简体繁体 English

使用 python 抓取网站

[英]Scrape websites with python

原文 2020-06-09 16:59:48 8 2 python/ web-scraping/ beautifulsoup/ scrapy/ libraries

I have just started python.我刚刚开始 python。 I am trying to web scrape a website to fetch the price and title from it.我正在尝试 web 抓取一个网站以从中获取价格和标题。 I have gone through multiple tutorial and blog, the most common libraries are beautiful soup and scrapy .我浏览了多个教程和博客，最常见的库是美汤和scrapy 。 My question is that is there any way to scrape a website without using any library? If there is a way to scrape a website without using any 3rd party library like beautifulsoup and scrapy .如果有办法在不使用任何第三方库（如beautifulsoup和scrapy ）的情况下抓取网站。 It can use builtin libraries Please suggest me a blog, article or tutorial so that I can learn It can use builtin libraries请给我推荐一篇博客、文章或教程，以便我学习

2 个解决方案

Instead of using scrapy you can use urllib .您可以使用urllib代替使用scrapy 。

Instead of beautifulsoup you can use regex .您可以使用regex而不是beautifulsoup 。

But scrapy and beautifulsoup do your life easier.但是scrapy和beautifulsoup让您的生活更轻松。

Scrapy , not easy library so you can use requests or urllib . Scrapy ，不容易的库，所以你可以使用requests或urllib 。

i think the best, popular and easy to learn and use libraries in python web scraping are requests, lxml and BeautifulSoup which has the latest version is bs4 in summary 'Requests' lets us make HTML requests to the website's server for retrieving the data on its page. i think the best, popular and easy to learn and use libraries in python web scraping are requests, lxml and BeautifulSoup which has the latest version is bs4 in summary 'Requests' lets us make HTML requests to the website's server for retrieving the data on its页。 Getting the HTML content of a web page is the first and foremost step of web scraping.获取 web 页面的 HTML 内容是 web 抓取的第一步。

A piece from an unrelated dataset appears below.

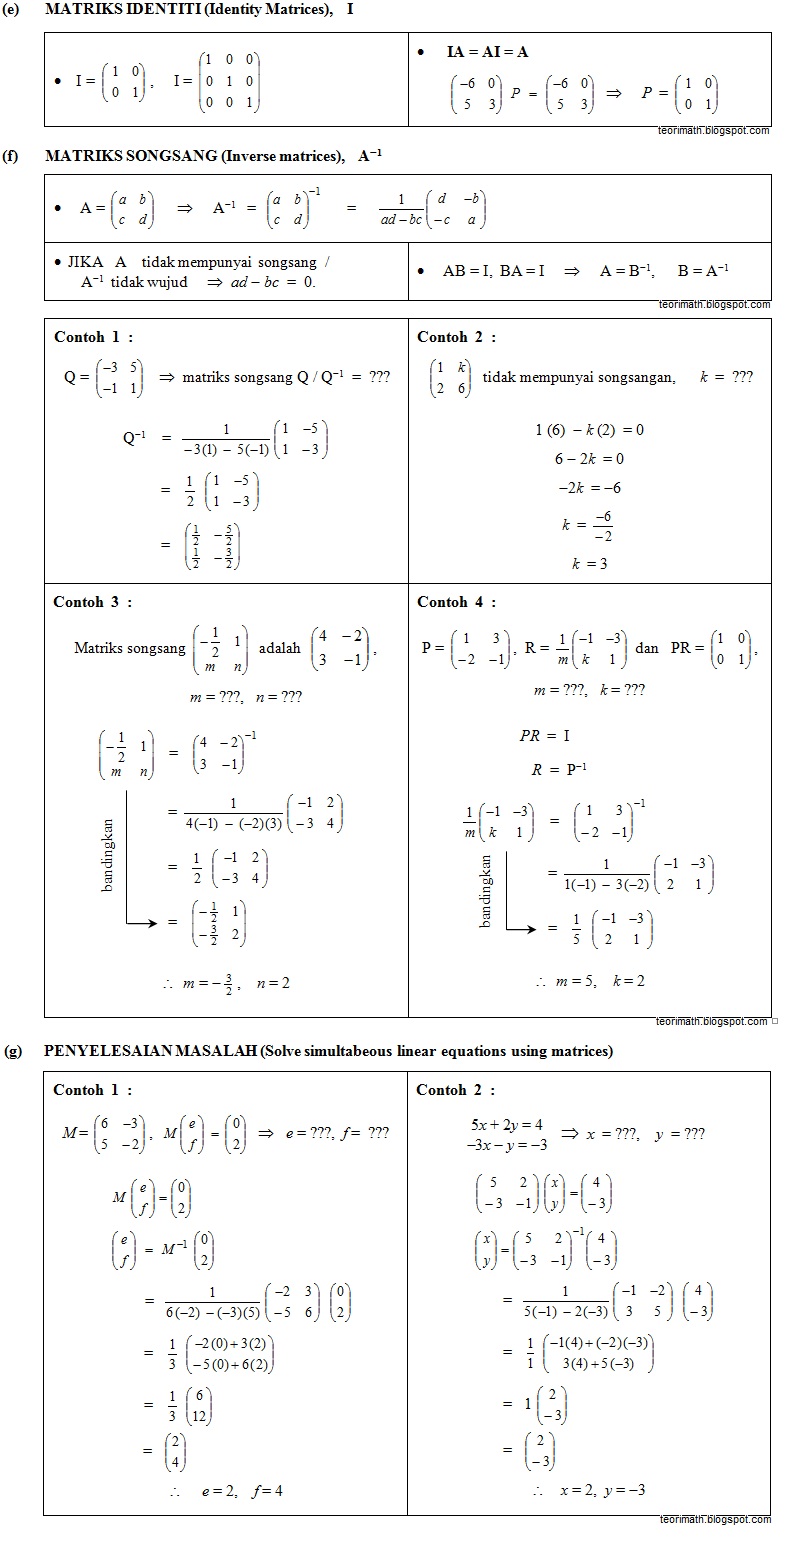 (26) Matriks (Matrices)  ! Chegu Zam

Let's take a look at the advantages and disadvantages of the Requests Python library我们来看看Requests Python库的优缺点

Advantages:优点：

Simple简单的
Basic/Digest Authentication基本/摘要认证
International Domains and URLs国际域名和 URL
Chunked Requests分块请求
HTTP(S) Proxy Support HTTP(S) 代理支持

Disadvantages:缺点：

Retrieves only static content of a page仅检索页面的 static 内容
Can't be used for parsing HTML不能用于解析 HTML
Can't handle websites made purely with JavaScript无法处理纯粹使用 JavaScript 制作的网站

We know the requests library cannot parse the HTML retrieved from a web page.我们知道请求库无法解析从 web 页面检索到的 HTML。 Therefore, we require lxml, a high performance, blazingly fast, production-quality HTML, and XML parsing Python library.因此，我们需要 lxml，一个高性能、超快、生产质量的 HTML 和 XML 解析 Python 库。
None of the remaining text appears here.